In Australia, residential listing volumes remained stable, with slight fluctuations in major cities—4% growth in Sydney and a 3% drop in Melbourne.
Foxtel Sale
During the third quarter, NWSA successfully completed the sale of the Foxtel Group to DAZN, which included repaying outstanding shareholder loans and receiving a minority equity stake of roughly 6% in DAZN. Consequently, Foxtel’s assets are now classified as held for sale, and its operations have been reclassified as discontinued.
Dow Jones Performance
Revenues in the Dow Jones segment climbed 6% year over year, reaching $575 million, driven by increased circulation and subscription revenues. Digital revenues now account for 82% of total Dow Jones revenues, up from 81% last year. Adjusted revenues also saw a 6% rise.
Circulation and subscription revenues rose by 7%, largely due to a 6% growth in the professional information business, particularly in Risk & Compliance and Dow Jones Energy segments. However, advertising revenues remained unchanged year over year.
In total, Dow Jones’ average subscriptions reached 6.1 million, representing a 7% increase from the previous year. Additionally, digital-only subscriptions surpassed 5.5 million, while The Wall Street Journal recorded a 3% increase in subscriptions.
Book Publishing Segment
The Book Publishing segment reported revenues of $514 million, reflecting a 2% year-over-year increase, primarily driven by higher book sales following the acquisition of a German publisher. This quarter’s notable titles included “Wicked” and “Dream Girl Drama.”
Digital sales rose 3%, bolstered by audiobook sales attributed to a successful partnership with Spotify. Digital sales constituted 25% of Consumer revenues, with backlist sales making up approximately 65% of total revenues.
News Media Segment
Revenues in the News Media segment fell 8% year over year to $514 million due to declining advertising revenues and the transfer of third-party printing contracts.

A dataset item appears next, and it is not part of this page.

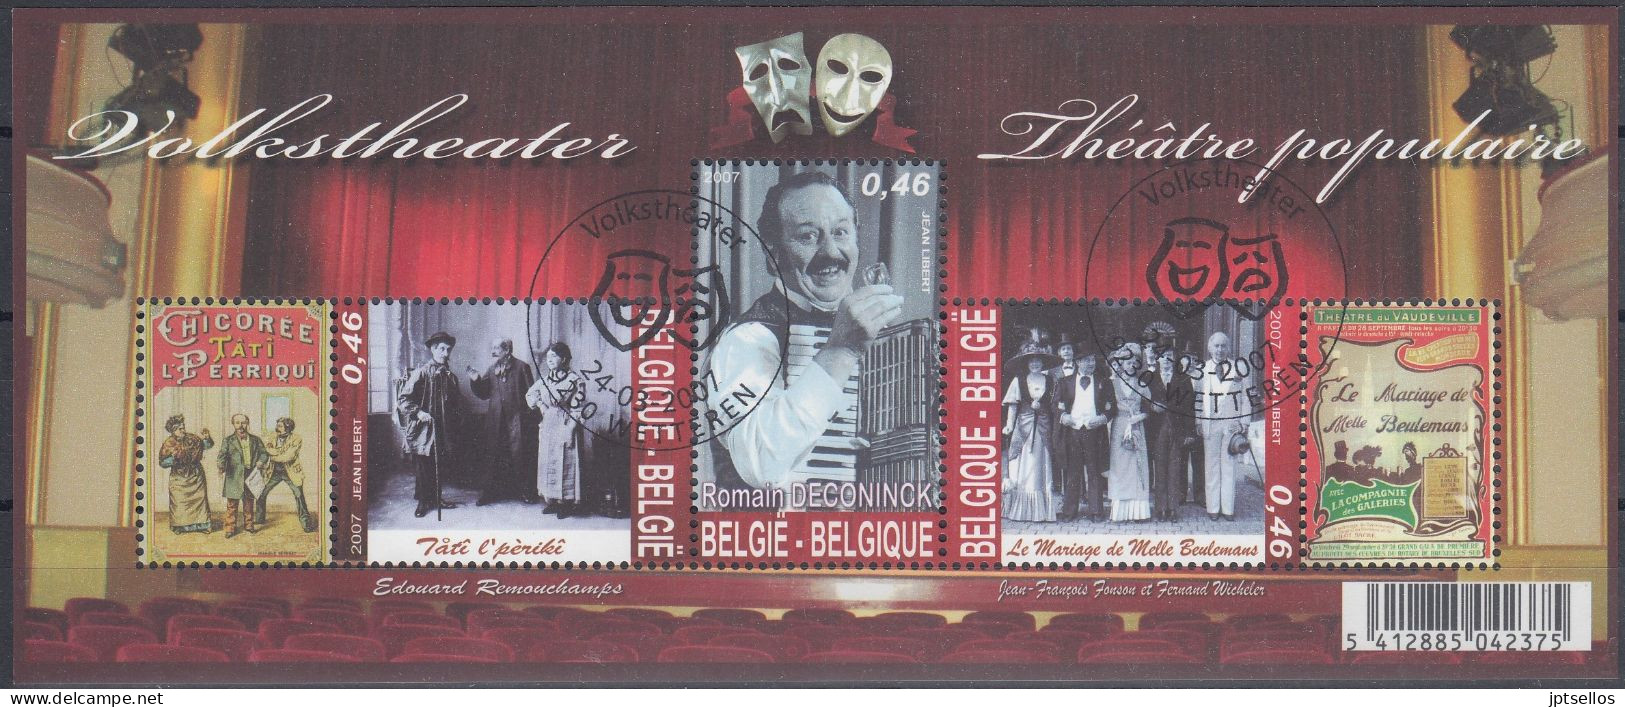 BELGIQUE 2007 Nº HB-118 USADO 1º DIA - Used Stamps
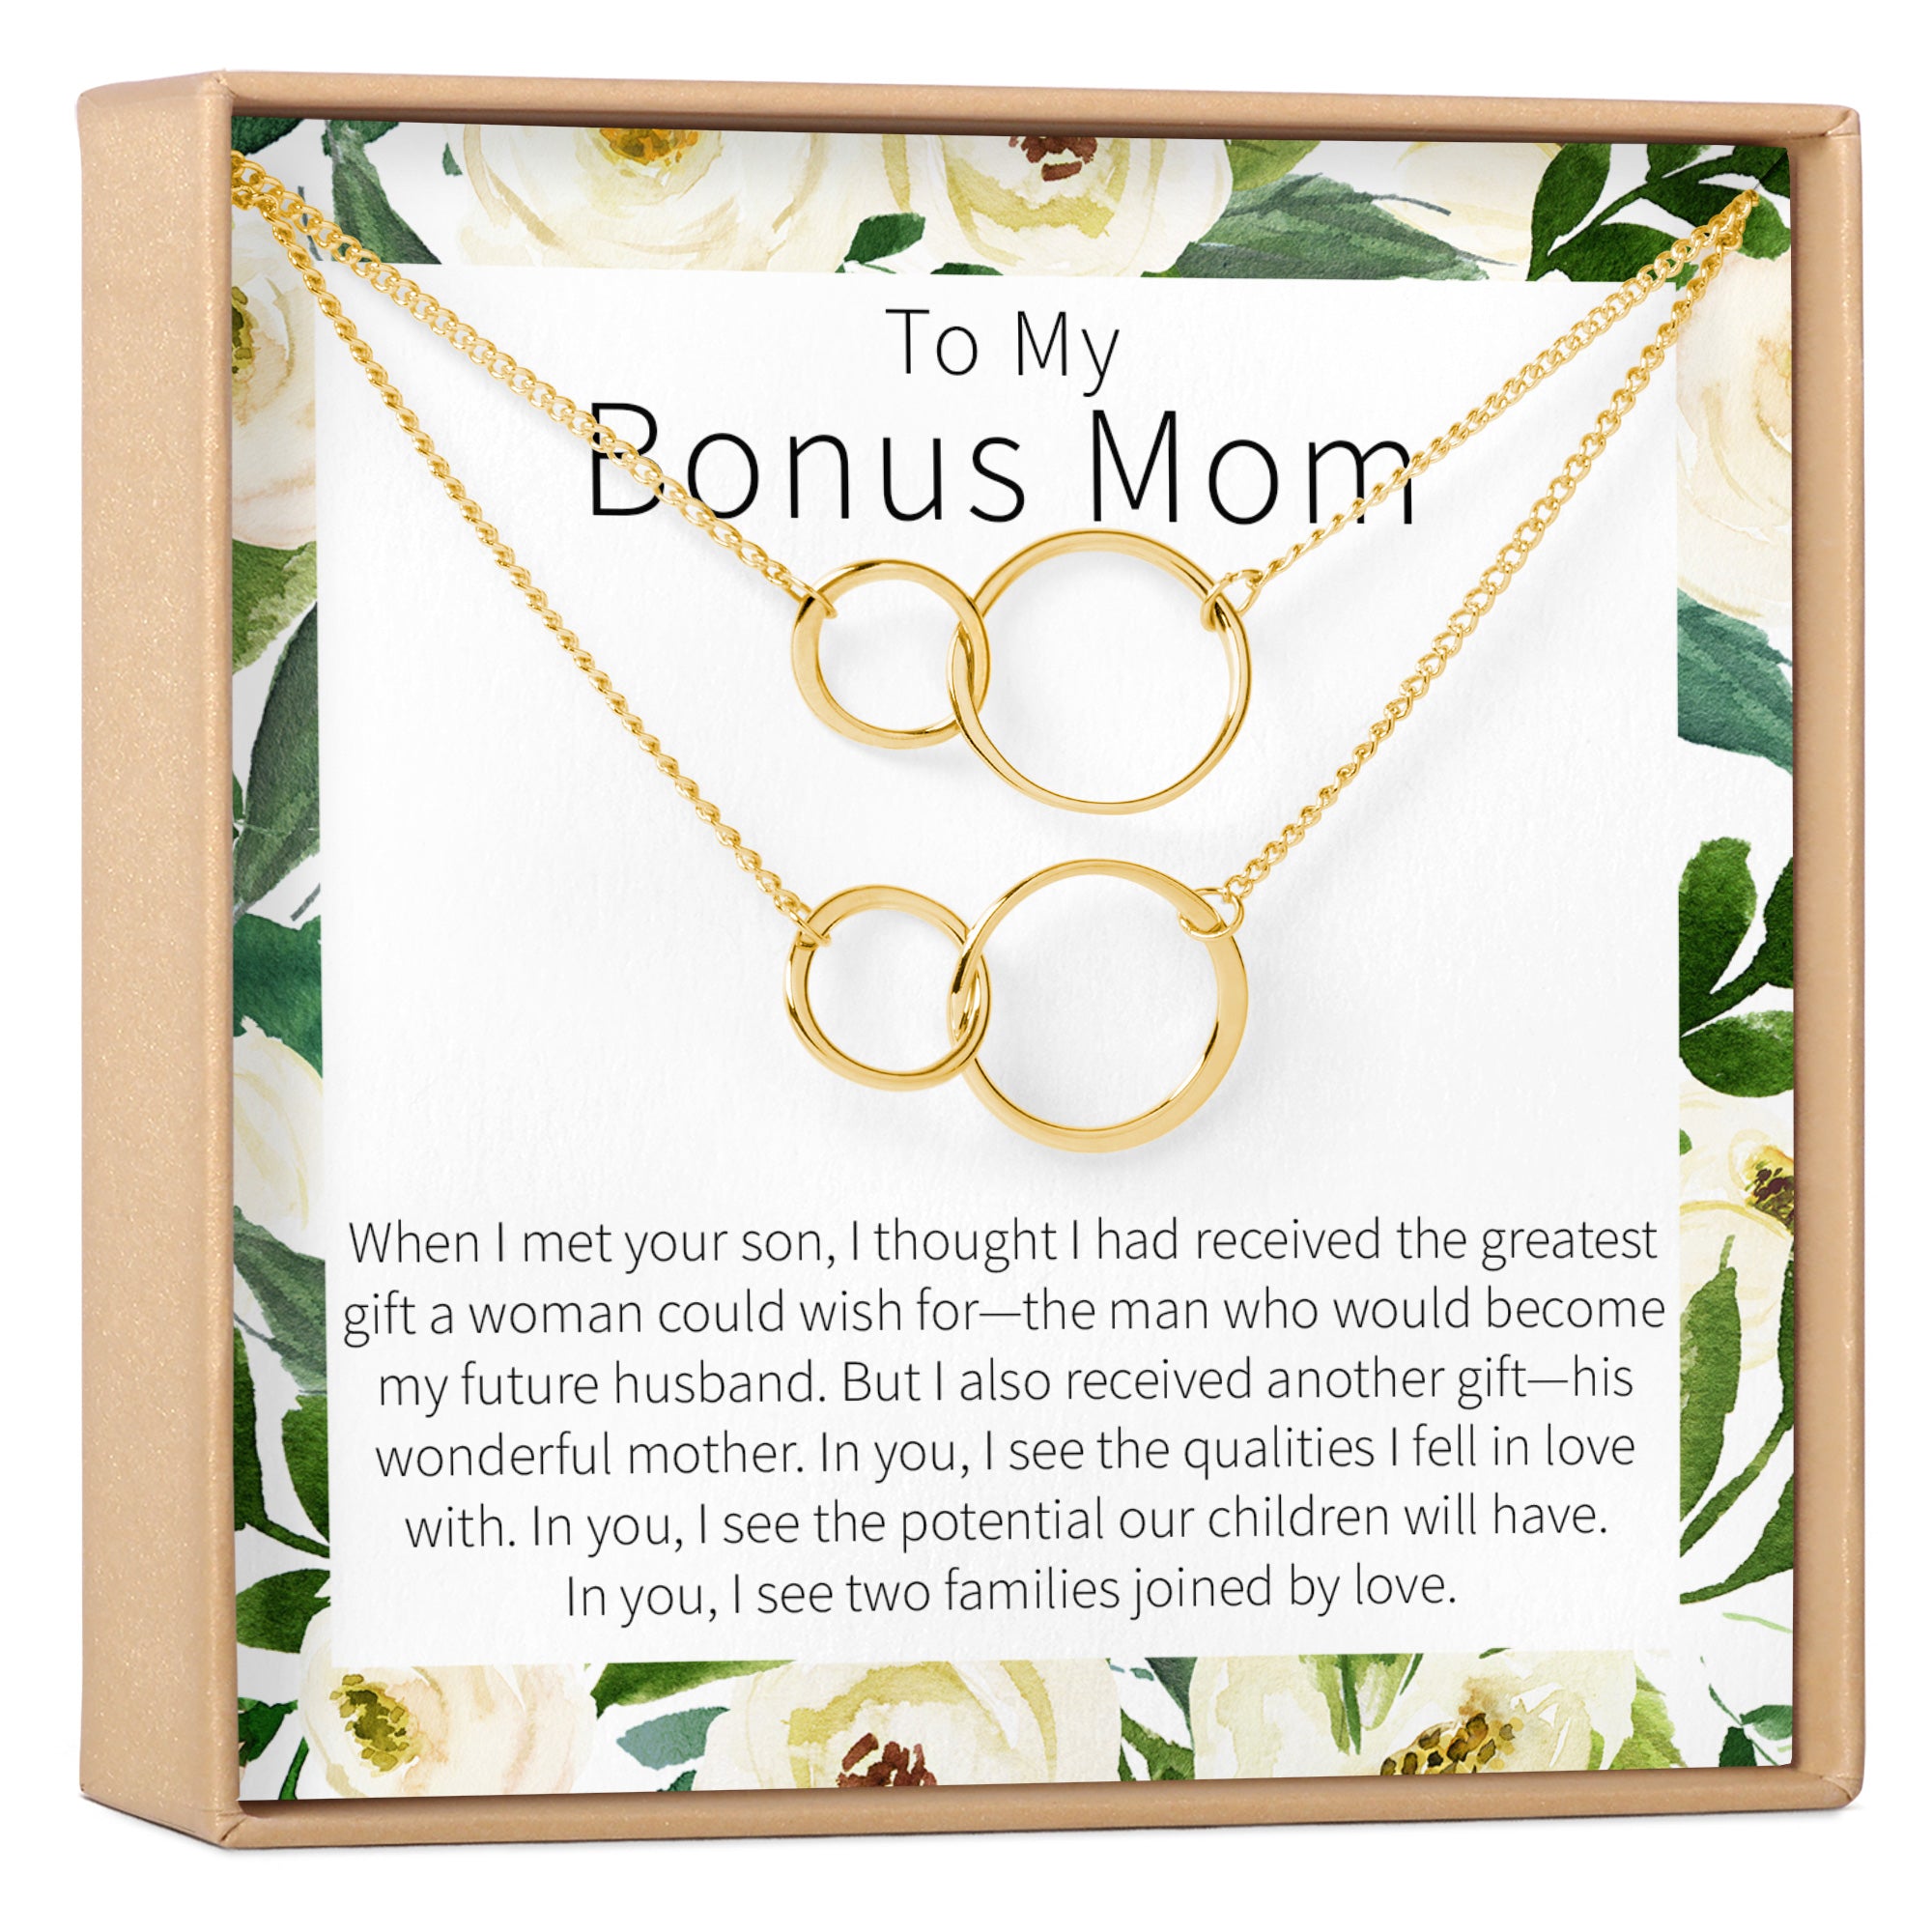 Gifts for Bonus Mom from Son, Daughter - Best Bonus, Step Mom Ever

Adjusted revenues also decreased by 6%. Noteworthy declines occurred in both News Corp Australia and News UK, where advertising revenues faced a 9% drop year over year.
Despite the challenges, digital revenues grew to represent 39% of the News Media segment’s total revenues, an increase from 37% in the previous year.
News Corporation Reports Digital Subscriber Growth Amid Revenue Challenges
As of March 31, 2025, The Times and Sunday Times recorded 629,000 digital subscribers, a notable increase from 582,000 during the same quarter last year. This growth reflects a broader trend in digital readership, although challenges remain in terms of overall revenue.
In contrast, the New York Post’s digital network decreased to 85 million unique users in March 2025, down from 125 million the prior year. Similarly, The Sun experienced a decline, reaching 74 million global monthly unique users compared to 126 million a year earlier.
Financial Overview
News Corporation concluded the fiscal third quarter with cash and cash equivalents totaling $2.09 billion, alongside borrowings of $1.95 billion. Stockholder equity stood at $8.20 billion. These figures indicate a stable cash position, albeit amidst fluctuating digital engagement.
Zacks Rank and Other Stock Insights
Currently, News Corporation holds a Zacks Rank of #4 (Sell). In the broader sector, investors might consider better-ranked stocks such as Advance Auto Parts (AAP) with a Zacks Rank of #1 (Strong Buy), as well as Alibaba (BABA) and Canada Goose (GOOS), which both have Zacks Rank #2 (Buy).
Ahead of its first-quarter results set for May 22, Advance Auto Parts has faced a year-to-date share decline of 33.6%. Conversely, Alibaba has seen a 48.4% increase year to date, with its fourth-quarter fiscal 2025 results scheduled for May 15. Canada Goose shares have dropped 14% in the same period, with its fiscal reports due on May 21.
Conclusion
News Corporation navigates a challenging digital advertising landscape, contributing to mixed results in subscriber growth and overall financial health. As they adapt strategies, market participants should closely monitor their performance in the evolving media environment.